How to sign data and verify signatures using Ethers JS and JavaScript

In this tutorial, we are going to learn how to sign data using a wallet and verify that the signature was generated with the right wallet using Ethers JS. We will learn how to get the address that generated the signature.

Requiring the user to sign data using their wallet is a great way to authenticate users and make sure that they have access to the wallet they claim to have access to.

Check out this tutorial if you want to learn how to implement an authentication system with Ethereum.

Here is the full code to sign data and verify a signature:

const ethers = require("ethers")

const provider = new ethers.providers.Web3Provider(YOUR_PROVIDER_HERE)

// the data to sign, it can be any string
const dataToSign = "1234567890"

// sign data using the connected wallet
const signer = provider.getSigner()
const signature = await signer.signMessage(dataToSign)

// verify the signature and get the address that generated the signature for the data passed
const signerAddress = ethers.utils.verifyMessage(dataToSign, signature)

Let's break down this code.

First, we need to have a message to sign which can be any string value. You can also sign an array of bytes but we're not going to see that here as we usually don't need to do that.

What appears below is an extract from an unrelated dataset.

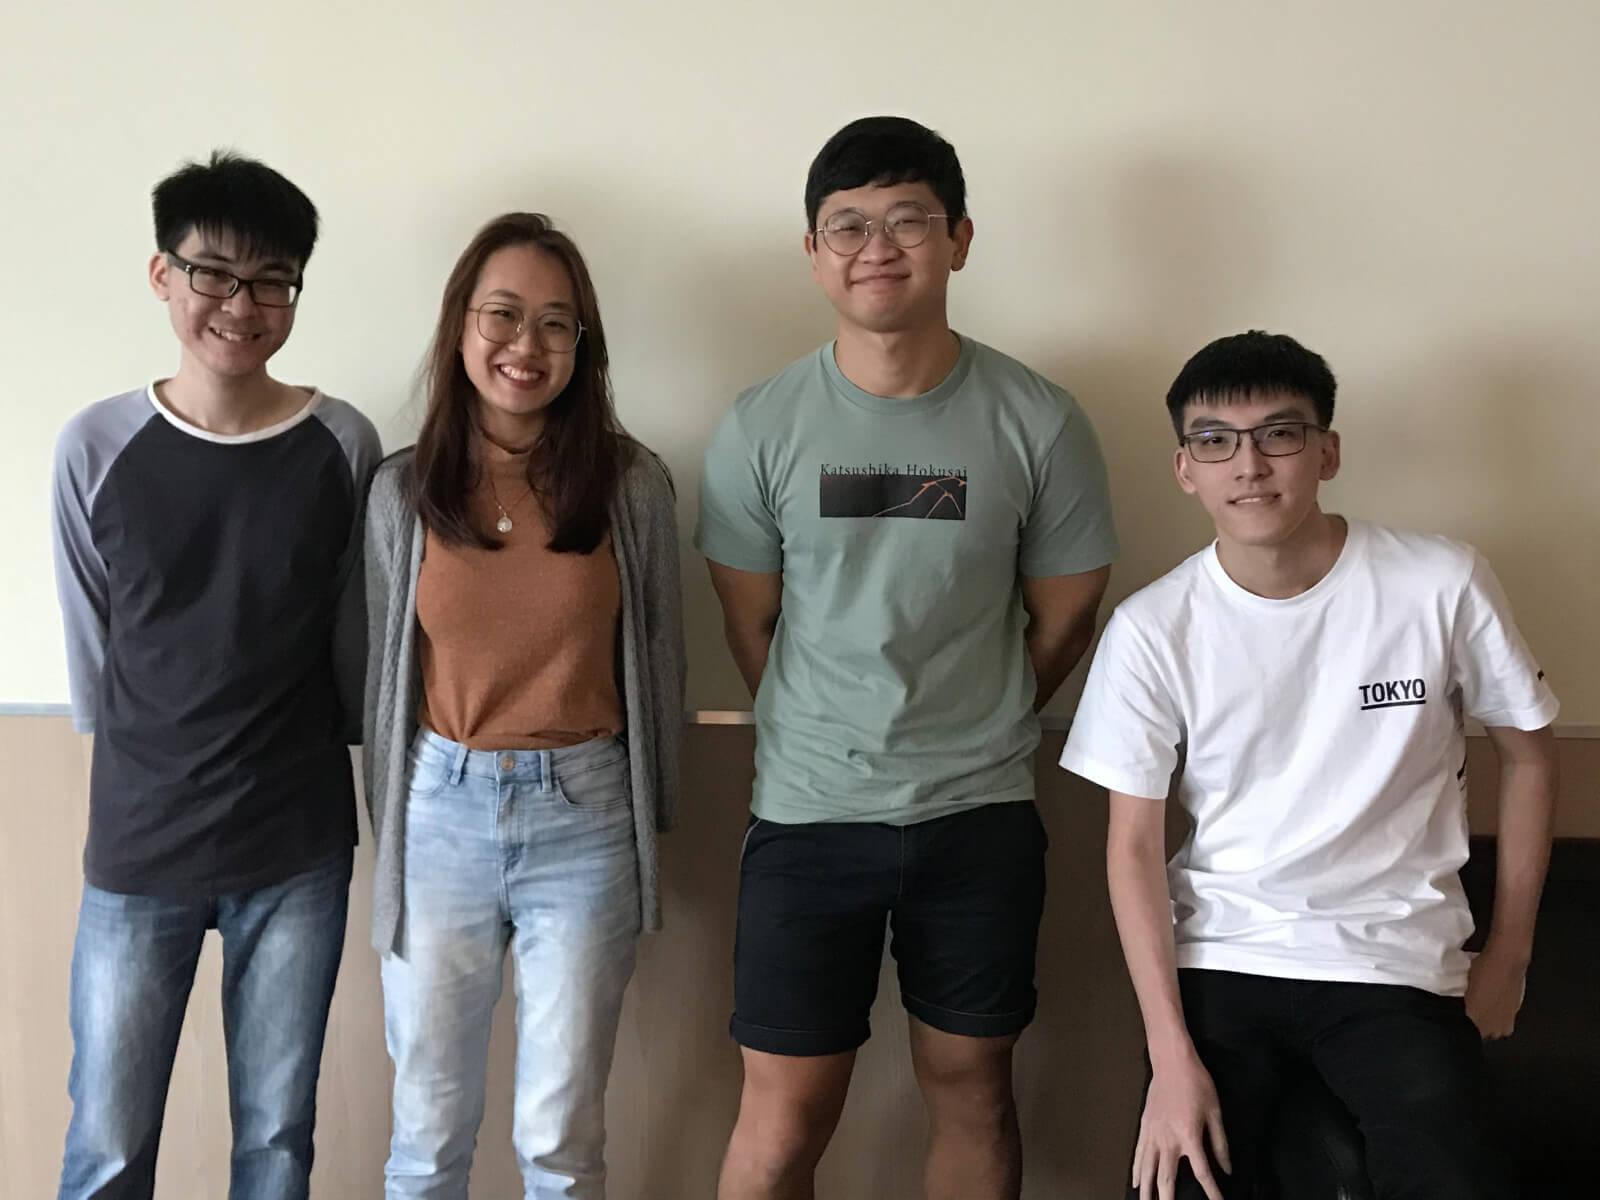 DigiPen (Singapore) students Wee Ding Wei, Lim Ziyi Jean, Ng Li Wang Ryan, and Malcolm Lim Hong Cheng.
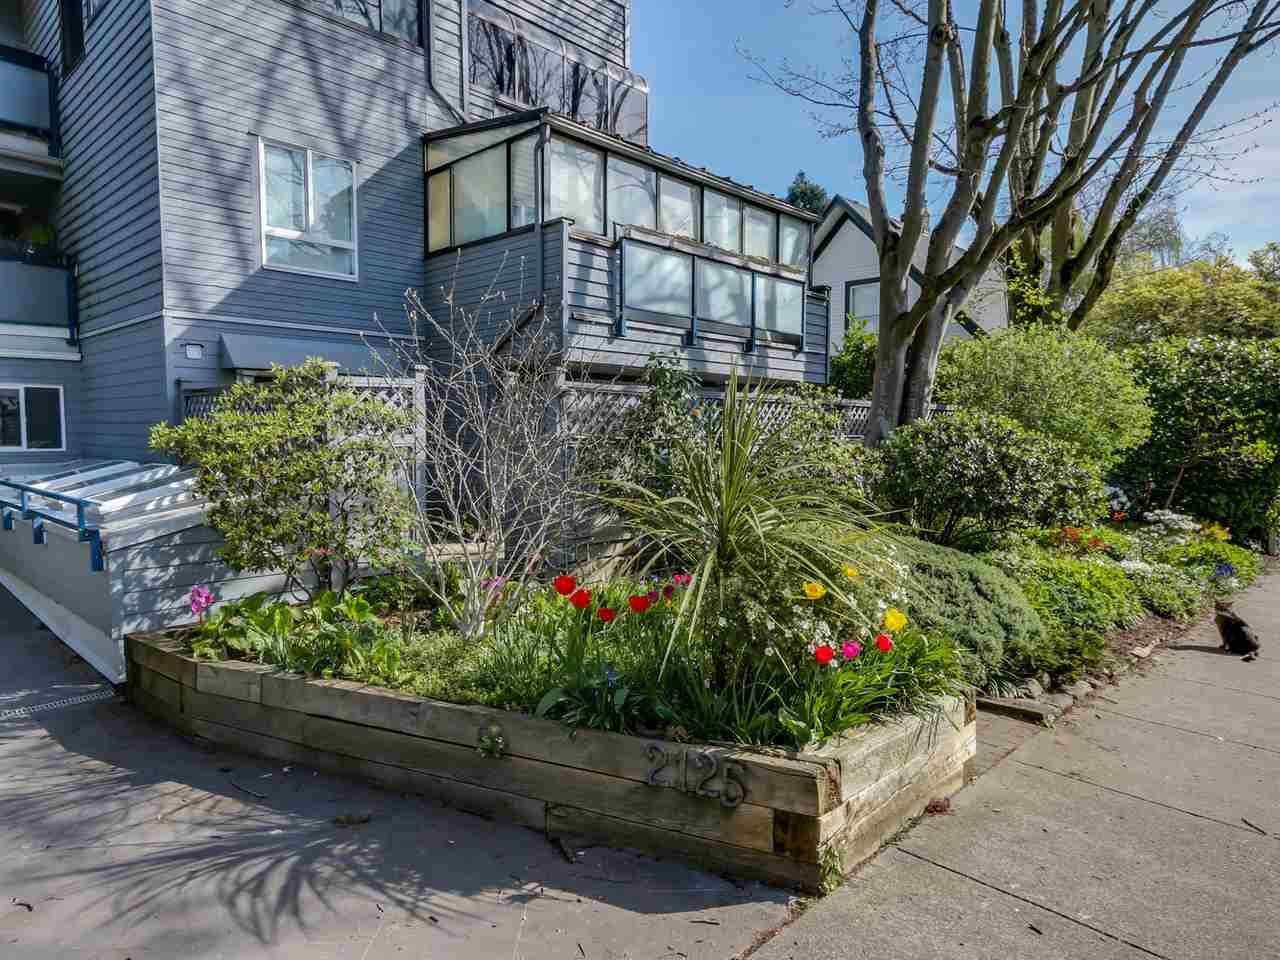 "Main Photo: 115 2125 YORK Avenue in Vancouver: Kitsilano Condo for sale in ""YORK GARDENS"" (Vancouver West)  : MLS®# R2054686"

Then, we get a Signer which is the wallet that will sign the data and we call the signMessage function and pass the string to sign as a parameter.

const signature = await signer.signMessage("TEST")

// Signing the string "TEST" with this address:
0xf39Fd6e51aad88F6F4ce6aB8827279cffFb92266

// returns this signature:
//0x8045b07f2f3ef63282399b3d898fe0dcadc6b9693d9164d7f8e542bc14b3d82b40b94abc211e82e817160190d5e890ade6d69ab883205f4126347e2cee021e661b

The signMessage function returns a Promise which returns the signature when it's resolved.

The signature will be an hexadecimal string of 65 bytes like this one:

0x8045b07f2f3ef63282399b3d898fe0dcadc6b9693d9164d7f8e542bc14b3d82b40b94abc211e82e817160190d5e890ade6d69ab883205f4126347e2cee021e661b

Once you have the signature, you can use the ethers.utils.verifyMessage function to recover the address that signed the data and generated the signature.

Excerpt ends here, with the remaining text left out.